General Solution to Second Order Differntial Eq

oxx

Sep 2009
5
0
This is on a review sheet for the exam, and I have the solution, but I can't figure out how the professor got to the first step.

The question reads: Find the general solution to:

[(x^2)/2]y'' + 2xy' - (7/8)y = (x^4)/2 x>0


The first line on the solution sheet reads:

Characteristic eq: (1/2)r(r-1) + 2r - (7/8) = 0

I understand the substituting r for y's, but I don't see how he was able to get rid of the x's and get the r(r-1) part.

It would help a ton if someone could explain this to me.
Thanks a lot in advance.
 

dwsmith

MHF Hall of Honor
Mar 2010
3,093
582
Florida
This is on a review sheet for the exam, and I have the solution, but I can't figure out how the professor got to the first step.

The question reads: Find the general solution to:

[(x^2)/2]y'' + 2xy' - (7/8)y = (x^4)/2 x>0


The first line on the solution sheet reads:

Characteristic eq: (1/2)r(r-1) + 2r - (7/8) = 0

I understand the substituting r for y's, but I don't see how he was able to get rid of the x's and get the r(r-1) part.

It would help a ton if someone could explain this to me.
Thanks a lot in advance.
Is there a certain method you should be using to solve this DE?
 

oxx

Sep 2009
5
0
It doesn't specify.

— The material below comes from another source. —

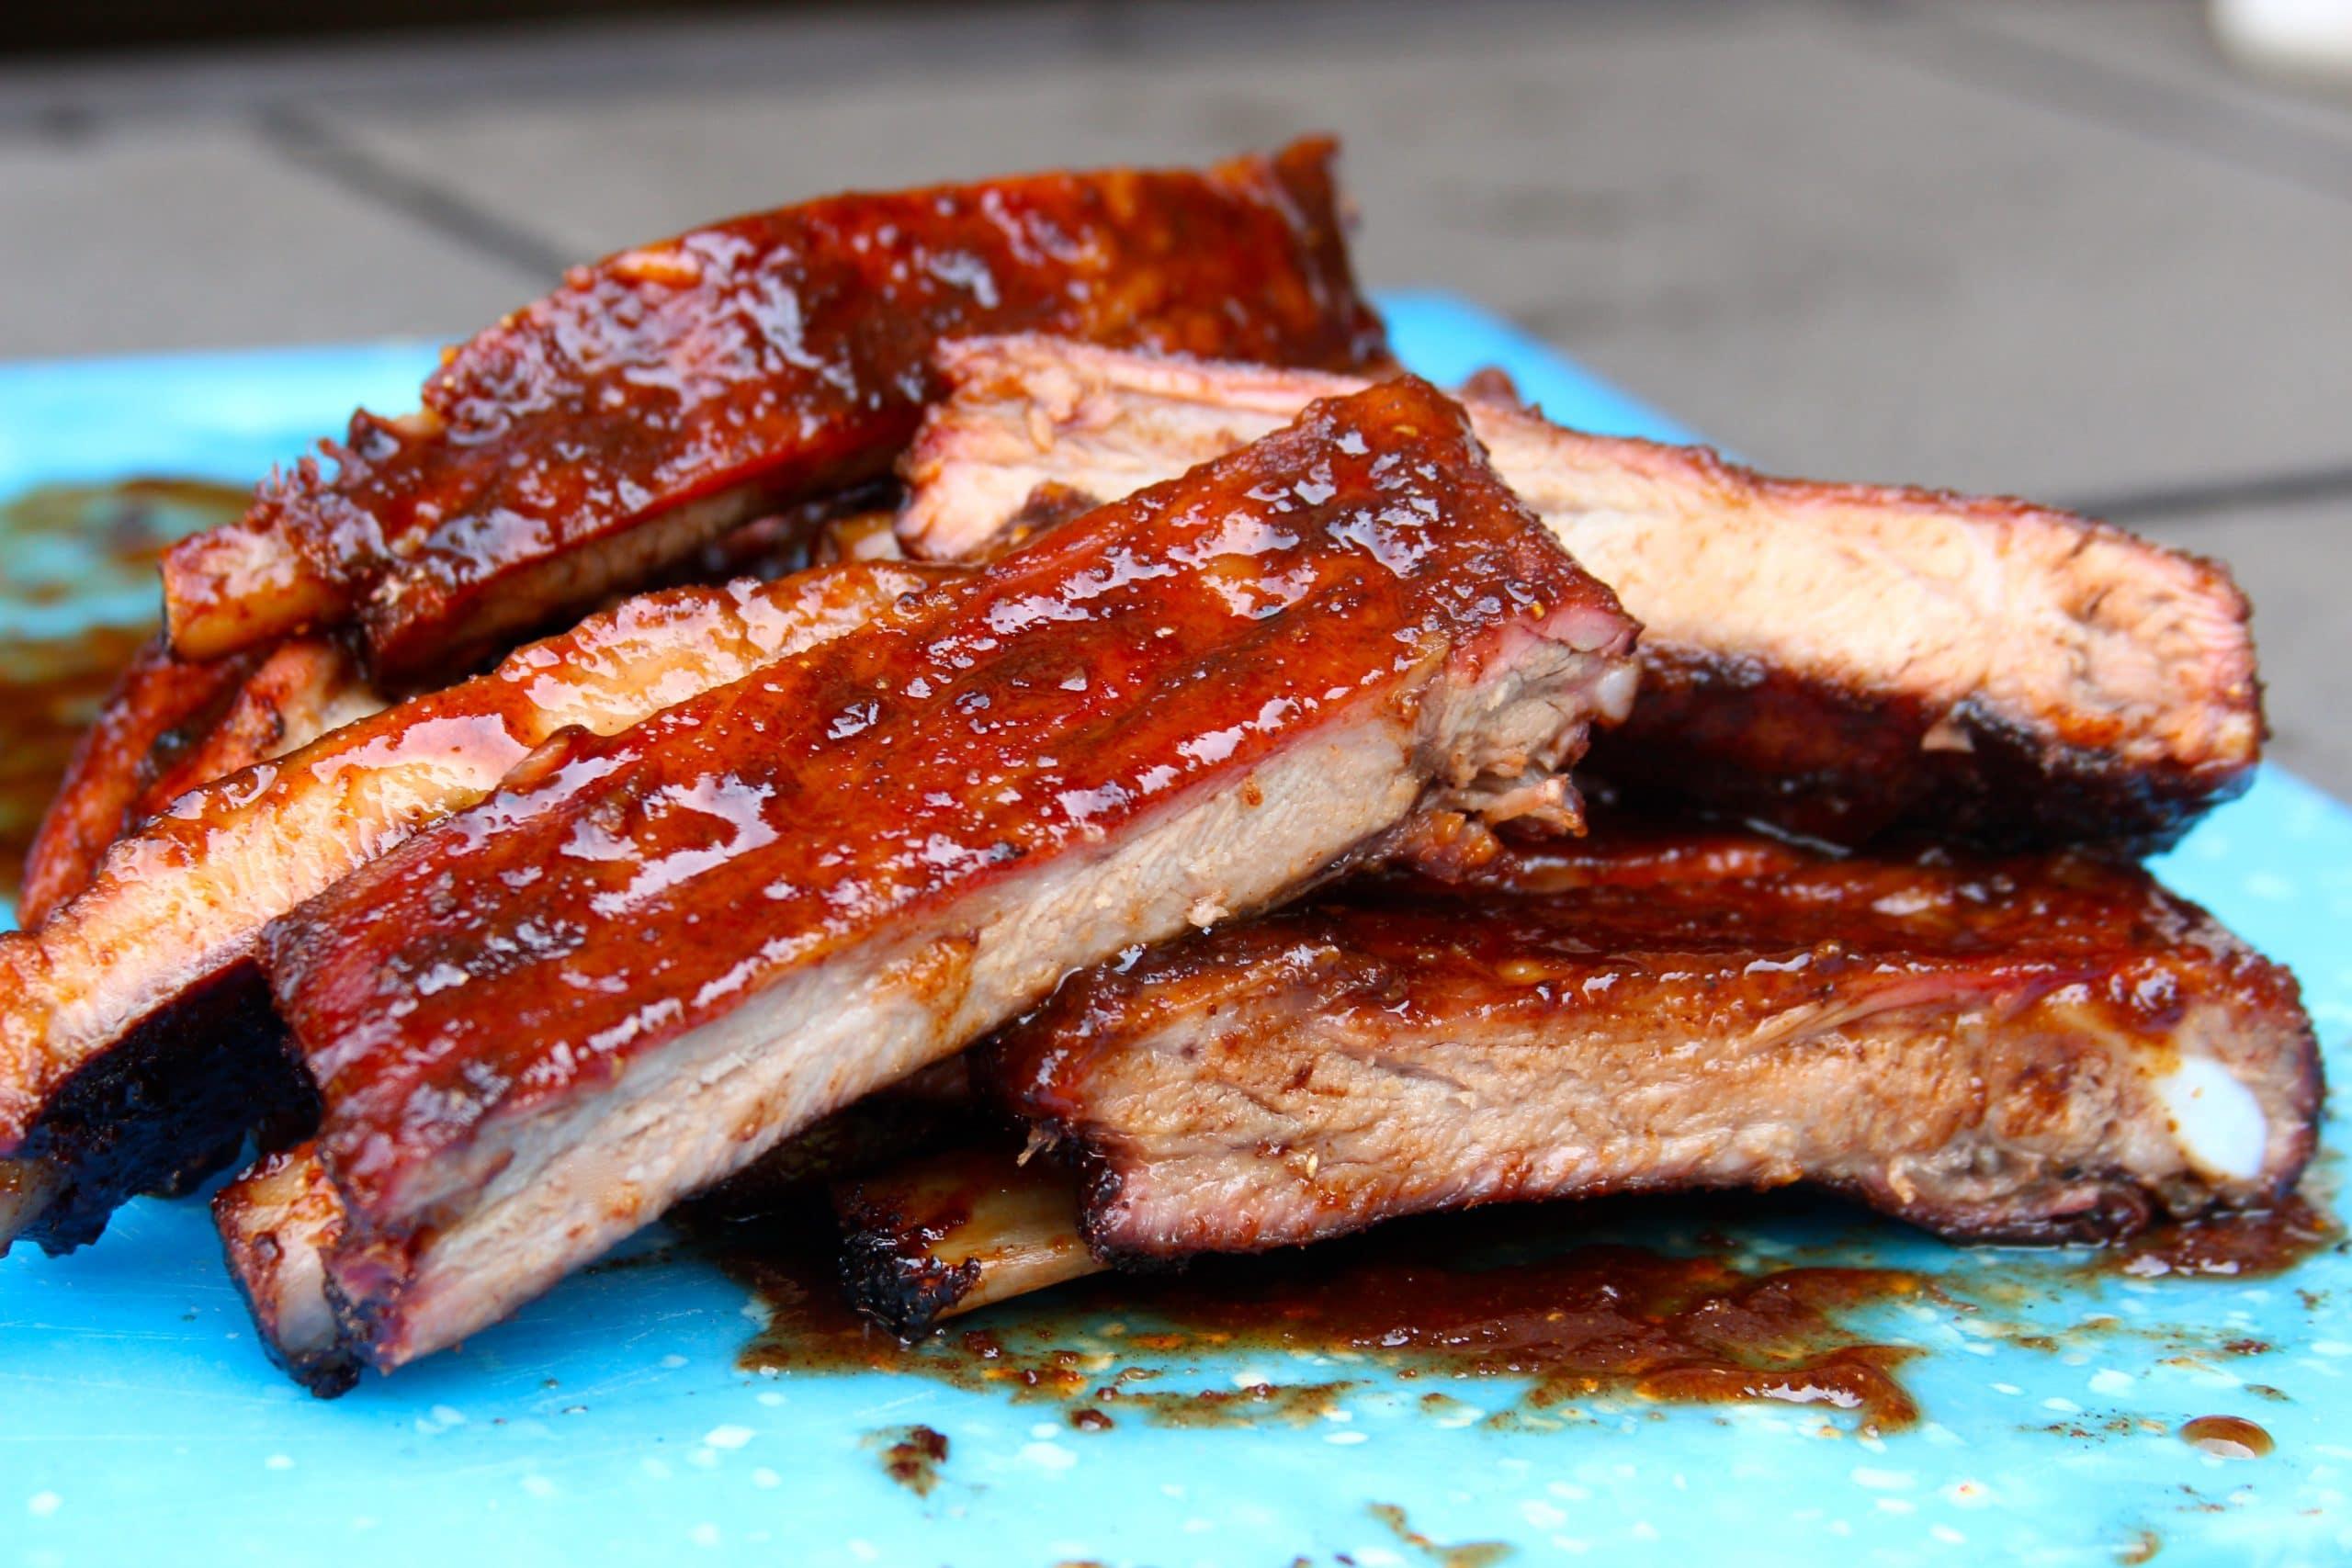 Soy-ginger glazed BBQ ribs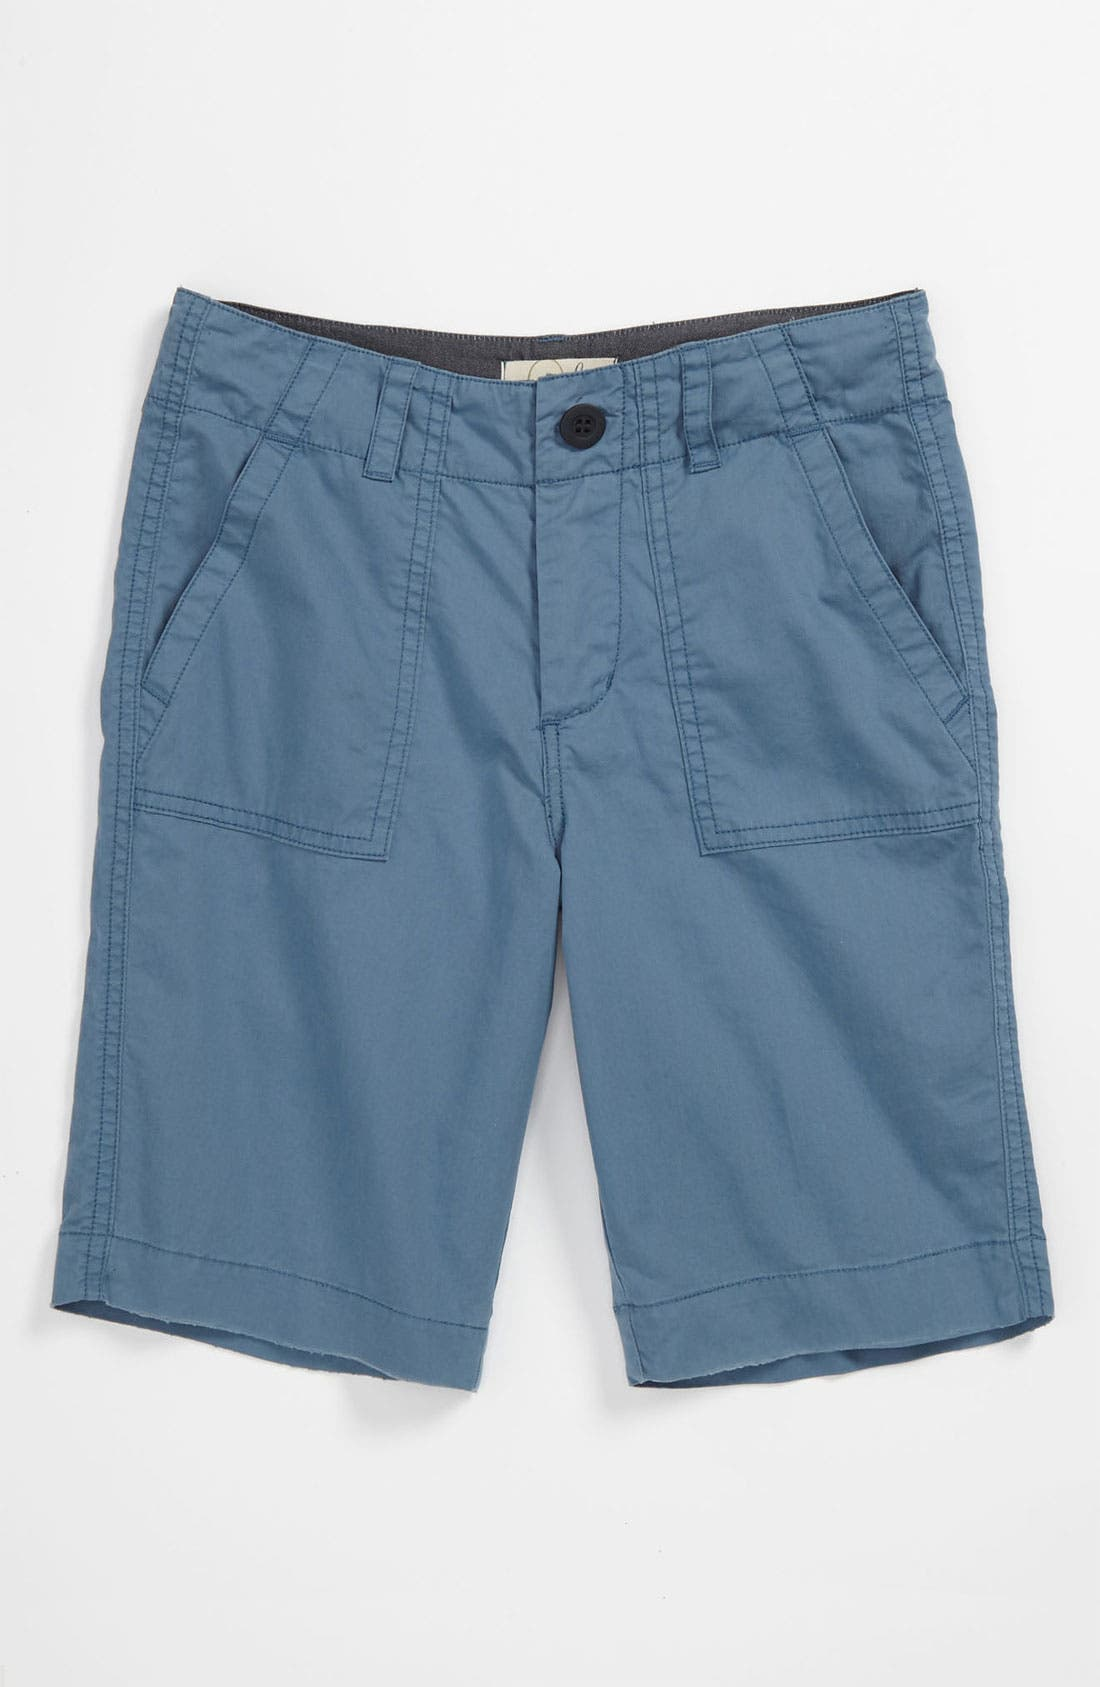 Main Image - Peek 'Jericho' Utility Shorts (Toddler Boys, Little Boys & Big Boys)

The professor went on to get r= 1/2 and -7/2

y = Ax^(1/2) + Bx^(-7/2)

Then using variation of parameters his final solution was
y=(4/105)x^4 + Ax^(1/2) + Bx^(-7/2)
 

chisigma

MHF Hall of Honor
Mar 2009
2,162
994
near Piacenza (Italy)
May be that the best approach is to 'attack' first the 'incomplete equation'...

\(\displaystyle \frac{x^{2}}{2} y^{''} + 2 x y^{'} - \frac{7}{8} y = 0\) (1)

The 'coefficients' of this linear DE aren't constants , so that the 'standard approach' doesn't work. It is easy to verify that solutions of (1) are of the type \(\displaystyle y(x)= x^{r}\)... then try to find the constants \(\displaystyle r \) able to solve (1)...

Kind regards

\(\displaystyle \chi\) \(\displaystyle \sigma\)
 
Last edited:

oxx

Sep 2009
5
0
I can't believe I couldn't figure that out. That's a lot for your help!